Хусни всегда и во всем слушался ее, и поэтому Хикмат любила, когда, он всюду сопровождал ее.

Она относилась к нему, как к брату, но сегодня, когда они возвращались с концерта домой, все было по-другому. Она пугалась его взглядов и впервые почувствовала его силу, его власть над собой…

Они шли во мраке ночи, на краю пустыни. Впервые в жизни она смотрела на него, как на мужчину, и почти угадывала его чувства. Она сегодня поняла, что рядом с ней не брат мужа, а настоящий мужчина. При этой мысли Хикмат вздрогнула и ускорила шаг…

Они подошли к дому, так и не сказав друг другу ни слова.


* * *

После этого вечера Хикмат не могла оставаться с Хусни наедине, читать и беседовать с ним с прежней непринужденностью. Теперь, когда муж заставал их вдвоем, она краснела от смущения, волновалась. Что это означало? Хикмат казалось, что она ведет себя недостойно, совершает грех, преступление, которому нет прощения. Когда она слышала, как муж открывает дверь, у нее возникало желание украдкой уйти на кухню, чтобы муж не видел ее сидящей рядом с Хусни.
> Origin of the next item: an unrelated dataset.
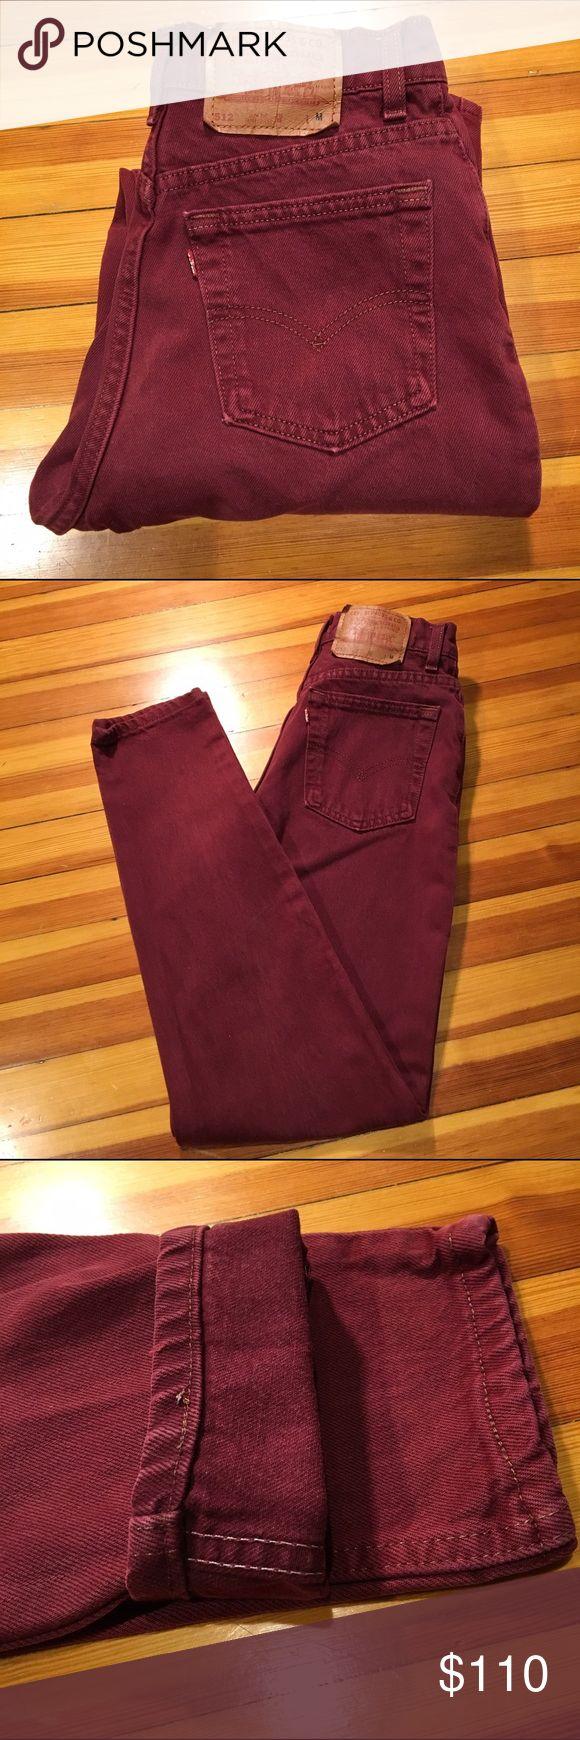 "Vintage 512 Levi's -Levi's 512 * High rise * Slim fit * Tapered leg * Vintage 2"" coin pocket * Selvedge stitch * Burgundy wine color Levi's Jeans"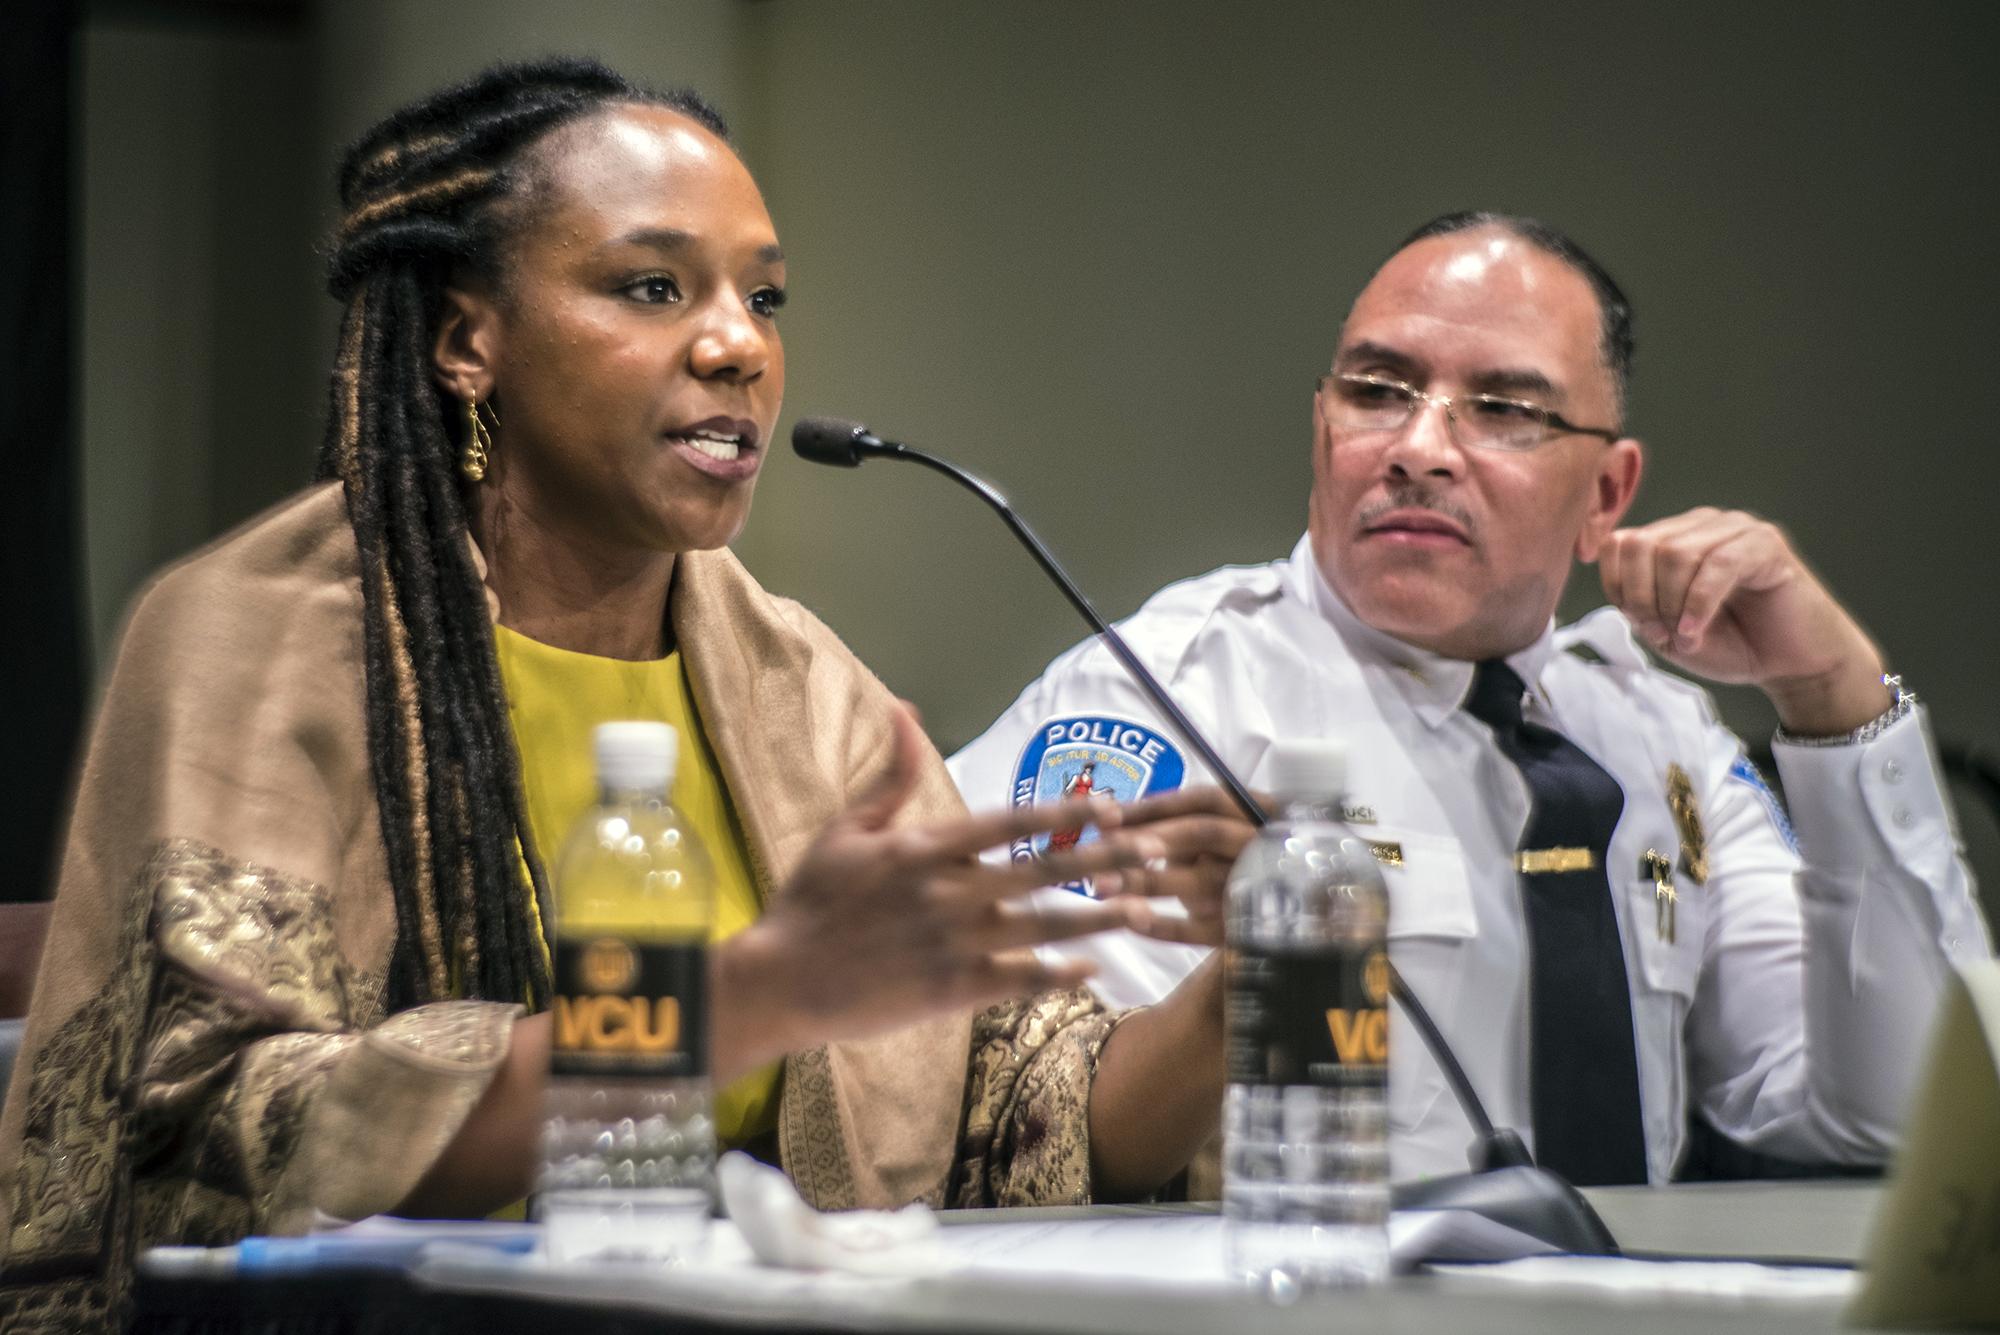 Activist Bree Newsome speaks at the Black Lives Matter Symposium Photo by Craig Zirpolo/RVA Magazine

Хотя муж ничего не замечал, она читала в его взоре упрек и негодование. Ей казалось, что она разрушает семейный очаг.

Хикмат просыпалась рано, и первым, кого она встречала, был Хусни, расхаживающий по залу с книгой в руках. Он всегда встречал ее радушно, как брат сестру, и, отрываясь от книги, тепло приветствовал ее. Лицо его озарялось улыбкой и взор вспыхивал. Но до сих пор все это было выражением нежности брата и сестры. Сейчас же она сознавала, что и улыбка и страстные взгляды означают совершенно иное. Блестящие глаза, дрожащие губы, конвульсивно подергивающееся лицо — все это имело новый смысл, который она хорошо понимала. Но все же она старалась уверить себя, что это ей только кажется, и делала вид, будто ничего не замечает.

Хикмат сознавала, что юноша здесь только пришелец, который должен удалиться от их семейного очага, мирно покинуть их дом. Ему следует оставить ее с мужем — блестящим адвокатом, за которым она замужем вот уже пять лет. Она самая счастливая женщина — ведь ее муж интересный, мужественный, богатый человек. Чего ей еще желать?

А этот молодой пришелец только мучает ее. Он имеет над ней власть, большую, чем власть мужа. Она не может противиться его взору, который проникает в самое сердце. Его блуждающие взгляды, которые словно ищут что-то в глубине ее души, пронзают ее. Только он знает, что с ней происходит, только он проникает в ее душу и читает ее мысли, знает ее тайну — тайну женщины. Она уверена, что этот юноша, который так внезапно стал мужчиной, понимает, что приходит ей на ум, о чем говорит ее сердце, в то время как сам все скрывает и молчит. Нет… Она непременно должна отдалить его от себя, заставить уехать отсюда, дать понять, что его ждет далекий, трудный, сложный путь…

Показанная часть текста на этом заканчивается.